Advance Auto Parts (NYSE:AAP) reported a 7% rise in second-quarter profit Thursday, fueled by addition of new stores and strong sales at existing outlets as more customers got their old cars fixed instead of buying new ones (conference call transcript here). Quarterly income was $80.3 million, or 83 cents per share, compared with a year-ago profit of $75.4 million, or 78 cents.
The automotive aftermarket retailer’s quarterly sales rose 7% to $1.32 billion. This includes the addition of 82 new stores in the past 12 months and a 4.8% rise in same-store sales. The rise in comparable-store sales came from a 14.8% increase in commercial or do-it-for-me (DIFM) sales and a 0.7% growth in do-it-yourself (DIY) sales.
Advance Auto has always been striving to improve its supply chain and vendor terms. The company has continued investments in pricing capabilities, merchandising facilities and parts availability, decreased inventory shrink and better store execution. These measures helped in improving the percentage of gross profit in sales to 49.3% from 47.4% in the prior-year period.
Free cash flow rose 18% to $287.4 million during the quarter and helped the company in reducing its total outstanding bank debt by $173 million from the year-ago level.

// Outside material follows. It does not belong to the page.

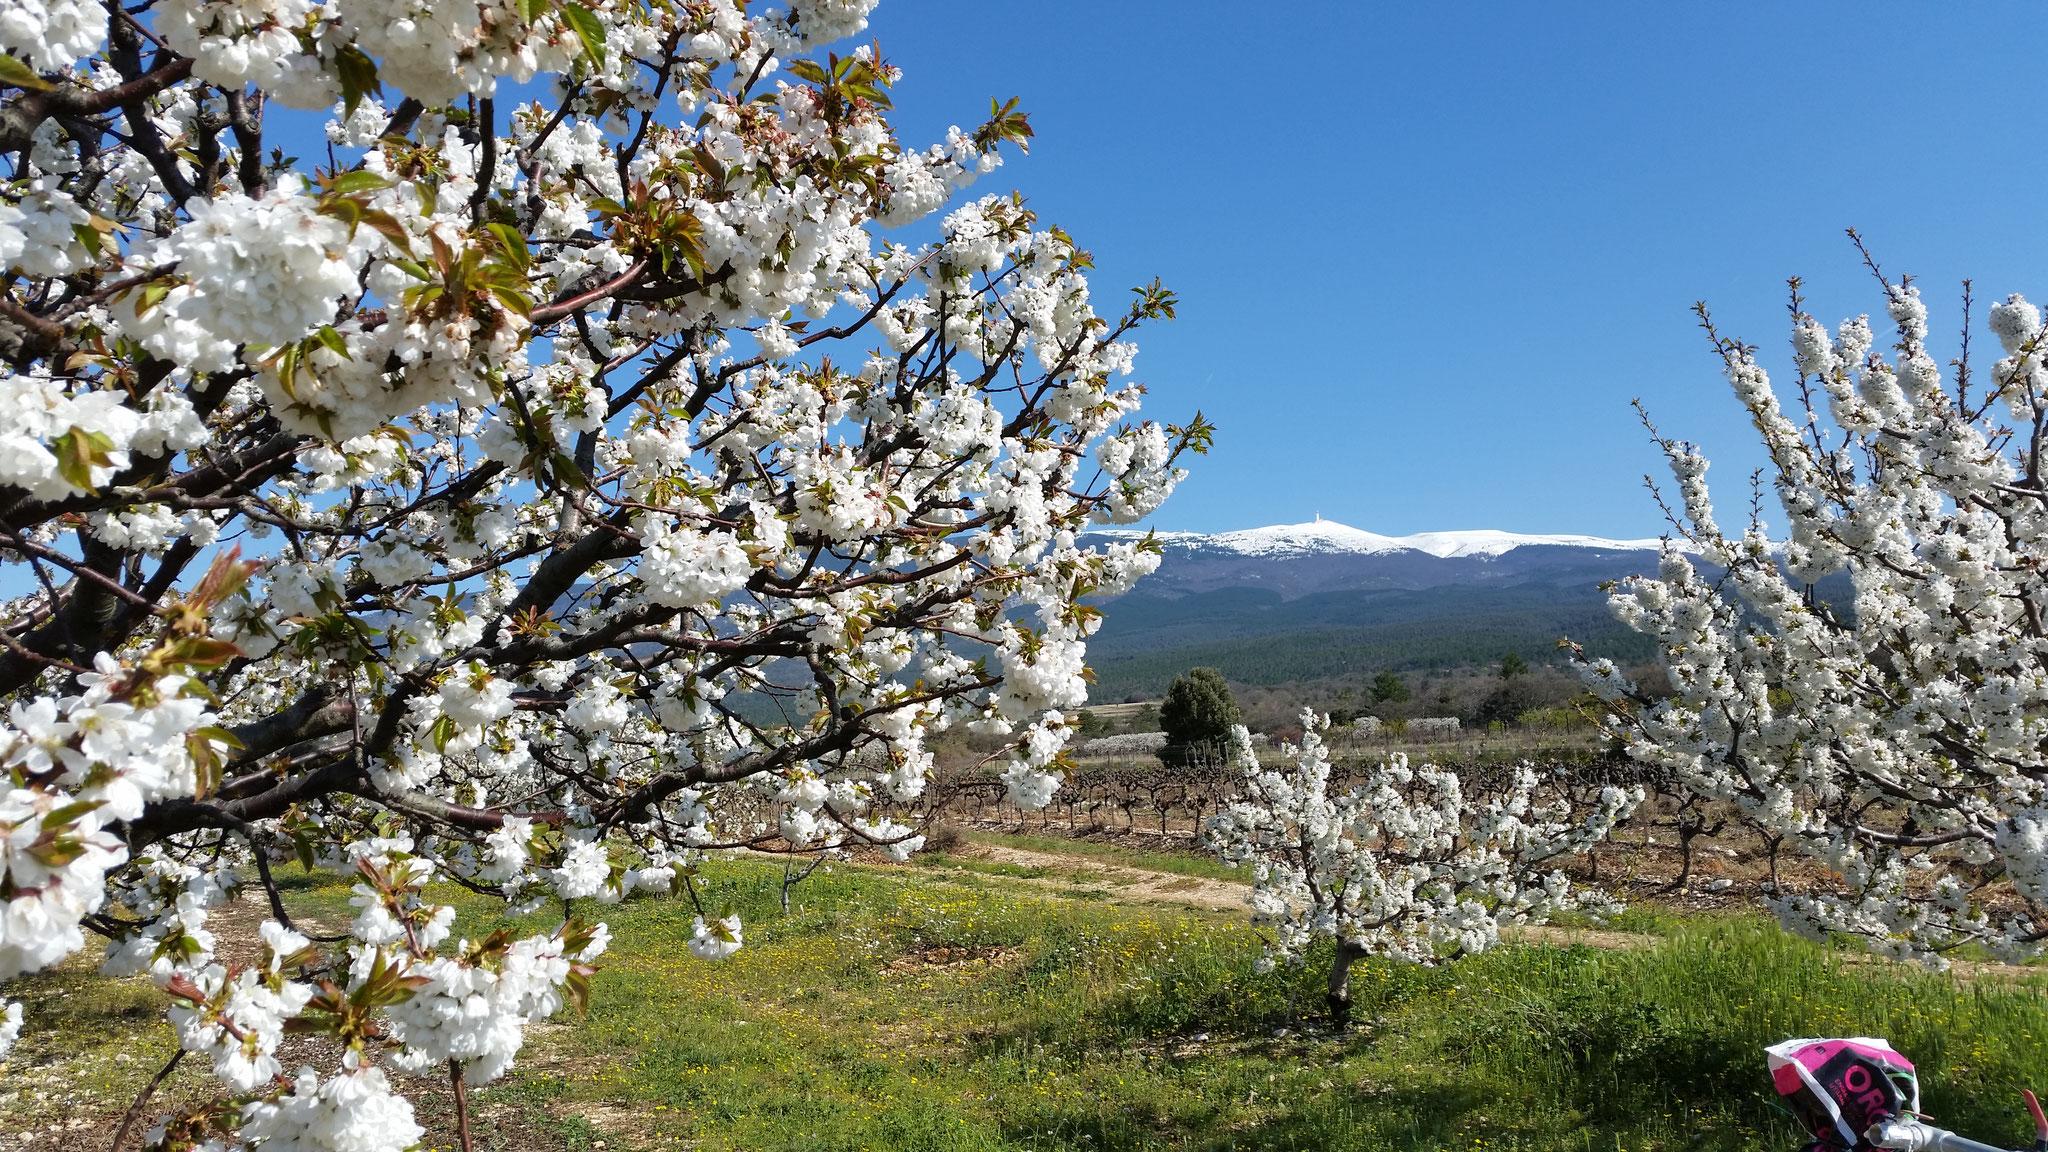 loucardaline-bedoin-ventoux-chambre d hotes-gites-cerisier en fleur-vaucluse

Advance Auto continued to aggressively buy back shares. The company repurchased 344,530 shares for $14.4 million during the quarter, reflecting an average price of $41.71. It is now left with $174.6 million from the $250 million share repurchase that its Board of Directors had authorized in May last year.
Advance Auto opened 23 stores and relocated 3 during the quarter. It has also divested 20 stores and plans to get rid of another 40–55 unprofitable stores this year.